Als der Talmud (Makkot 24a) ein Beispiel für einen Menschen bringen wollte, der sich durch Rechtschaffenheit auszeichnet (hebräisch: Poel Zedek), nannte er den Namen Abba Chilkia. Wer mehr über Tun und Lassen dieses frommen Mannes, der vor ungefähr 2000 Jahren lebte, erfahren und Wesentliches über die Beziehungen zwischen Mann und Frau lernen will, sollte folgende Geschichte näher betrachten, die im Traktat Taanit (23a und b) steht.
Dort heißt es: »Wenn (Abba Chilkia) zum Himmel flehte, fiel Regen auf die Erde. Einst bedurfte die Welt des Regens, und die Weisen sandten zu ihm ein Paar Jünger, auf dass er um Regen flehe. Diese gingen zu ihm nach Hause, trafen ihn aber nicht an; hierauf gingen sie aufs Feld und fanden ihn dort beim Graben. Sie grüßten ihn, er aber wandte ihnen sein Gesicht nicht zu.«
Tagelöhner Warum hat Abba Chilkia nicht höflich geantwortet, als die Jünger ihn auf dem Feld ansprachen? Der Meister erklärte ihnen später, als Tagelöhner habe er seine Arbeit nicht unterbrechen dürfen.

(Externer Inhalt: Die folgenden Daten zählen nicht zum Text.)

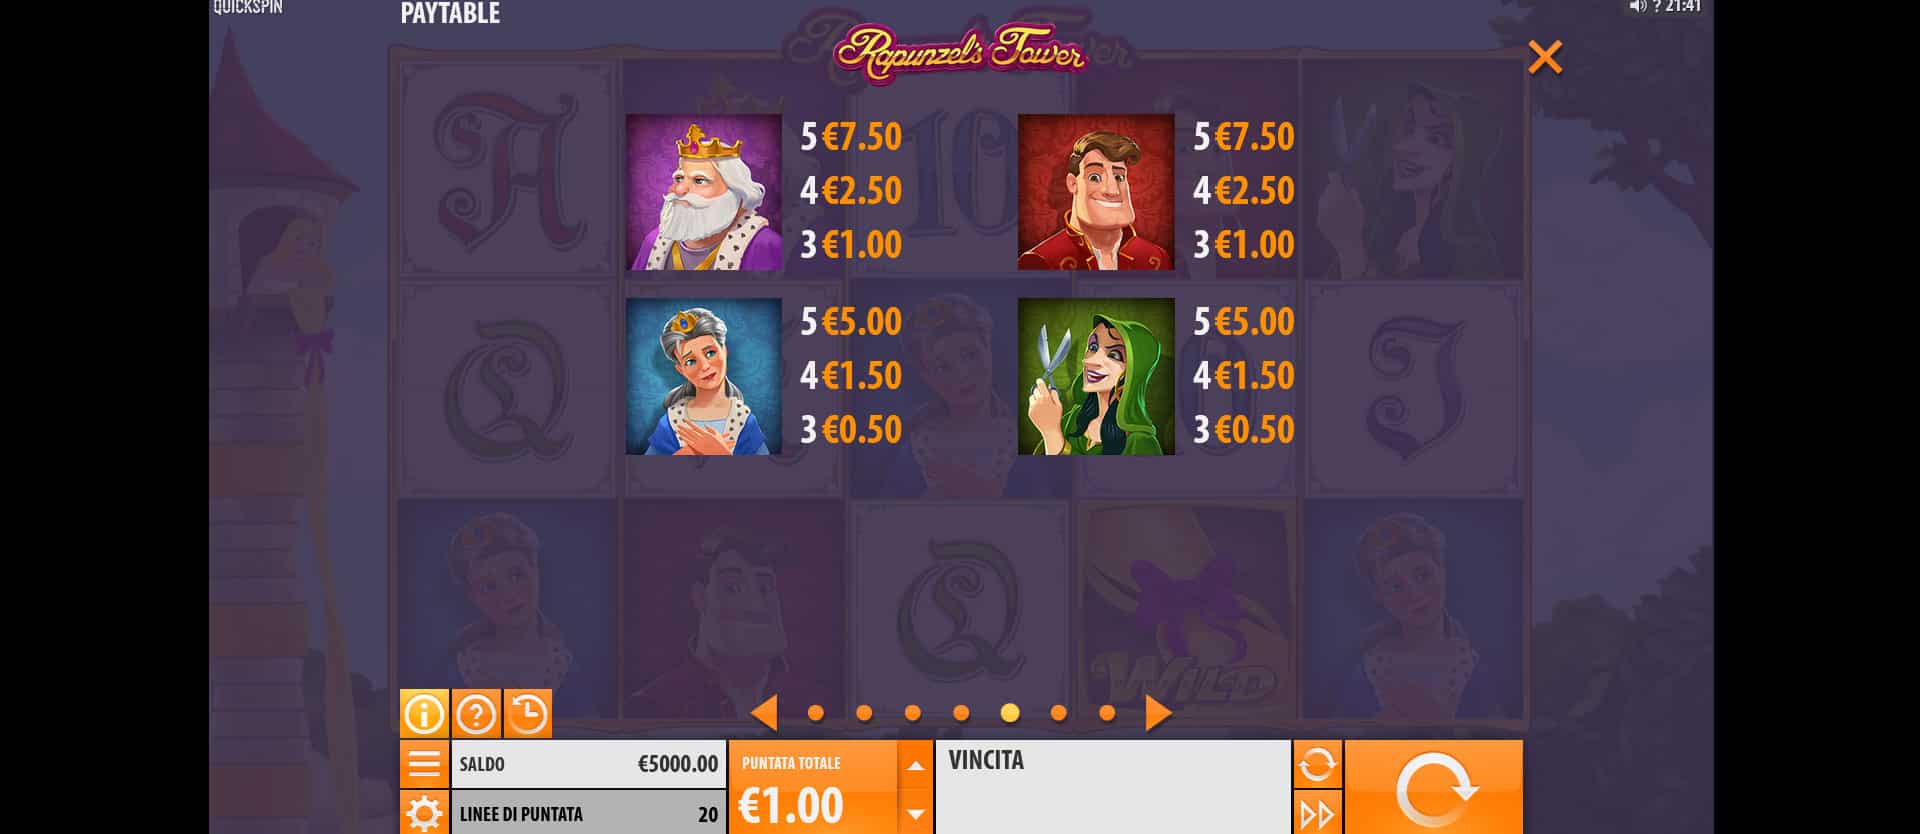 simboli della slot online rapunzel's tower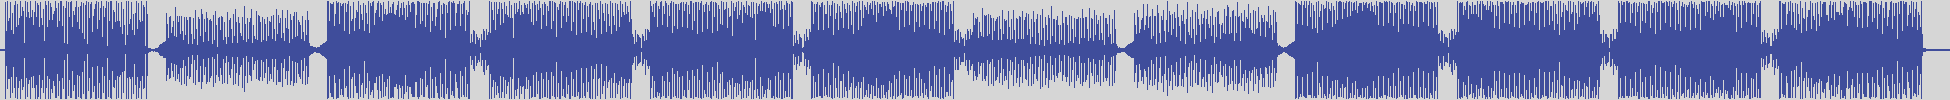 nf_boyz_records [NFY009] Project 111 - Brasilisn [Aesthetic Mix] audio wave form

Abba Chilkias Arbeitsmoral mag uns übertrieben streng erscheinen: Welcher Arbeitgeber wird etwas dagegen haben, wenn sein Angestellter einen Gruß erwidert? Andererseits wissen wir, wie schnell jemand, ohne dass er dies überhaupt will, in ein längeres Gespräch verwickelt wird.
Abba Chilkias Verhalten macht uns jedenfalls darauf aufmerksam, dass ein Arbeitnehmer stets die Interessen des Arbeitgebers zu wahren hat. Um nur zwei Beispiele aus dem heutigen Bürobetrieb zu erwähnen: Darf man während der Arbeitszeit Telefongespräche führen, die nicht mit dem bezahlten Job zusammenhängen? Zweitens: Ist es erlaubt, private E-Mails zu checken? Bemerkenswert ist, dass Rabbiner Mosche Chaim Luzzatto in seinem klassischen Werk Der Pfad der Gerechten (Kapitel 11) das Beispiel von Abba Chilkia anführt, um vor Diebstahl von Arbeitszeit zu warnen.
Um zu der Talmudstelle zurückzukehren: »Als er (Abba Chilkia) die Stadt erreichte, kam ihm seine Frau geschmückt entgegen.« Seine neugierigen Jünger wollten später wissen: Weshalb kam dem Meister seine Ehefrau geschmückt entgegen? Abba Chilkias Antwort lautete: Damit ich mein Auge nicht auf eine andere Frau werfe. Diese kurze Episode zeigt uns eine besondere Form der Fürsorge, die lebensklug und nachahmenswert ist. Eine Ehefrau macht sich für ihren Mann schön und geht ihm entgegen. Er seinerseits weiß ihre Bemühungen zu würdigen.
Partnerschaft Weiter heißt es: »Als er an sein Haus kam, trat seine Frau zuerst ein, danach er, und zum Schluss traten die Jünger ein.« Hervorzuheben ist hier das Zusammenspiel von Abba Chilkia und seiner Ehefrau; man kann diese Partnerschaft als vorbildlich bezeichnen.
Auf seine Initiative hin beteten beide Ehepartner gleichzeitig um Regen, wie wir im Text lesen: »Hierauf sprach er zu seiner Frau: Ich weiß, dass die Jünger wegen des Regens gekommen sind; gehen wir auf den Söller und flehen um Erbarmen. Wenn der Heilige, gepriesen sei Er, vielleicht gnädig ist und Regen kommt, so soll man dies nicht uns zugutehalten. Daraufhin stiegen sie auf den Söller; er stellte sich in die eine Ecke zum Beten und sie sich in die andere, und die Wolken kamen zuerst von der Seite der Frau.«
Für die Tatsache, dass die Wolken zuerst von der Seite seiner Frau kamen, wusste Abba Chilkia sogar zwei Gründe anzugeben. Er stellte neidlos fest, dass in Bezug auf die Frevler, die in der Nachbarschaft wohnten, die Verhaltensweise seiner Frau in den Augen des Ewigen offensichtlich wohlgefälliger war als sein eigenes Vorgehen. Beim Eintritt in die Wohnung gab Abba Chilkia seiner Frau den Vortritt, nicht den Besuchern.
Was können wir von Abba Chilkia lernen? Dass die Werbung von Mann und Frau umeinander keineswegs mit der Hochzeit endet. Vielmehr sollte die »Eroberungsarbeit« im langjährigen Eheleben immer wieder neu belebt werden!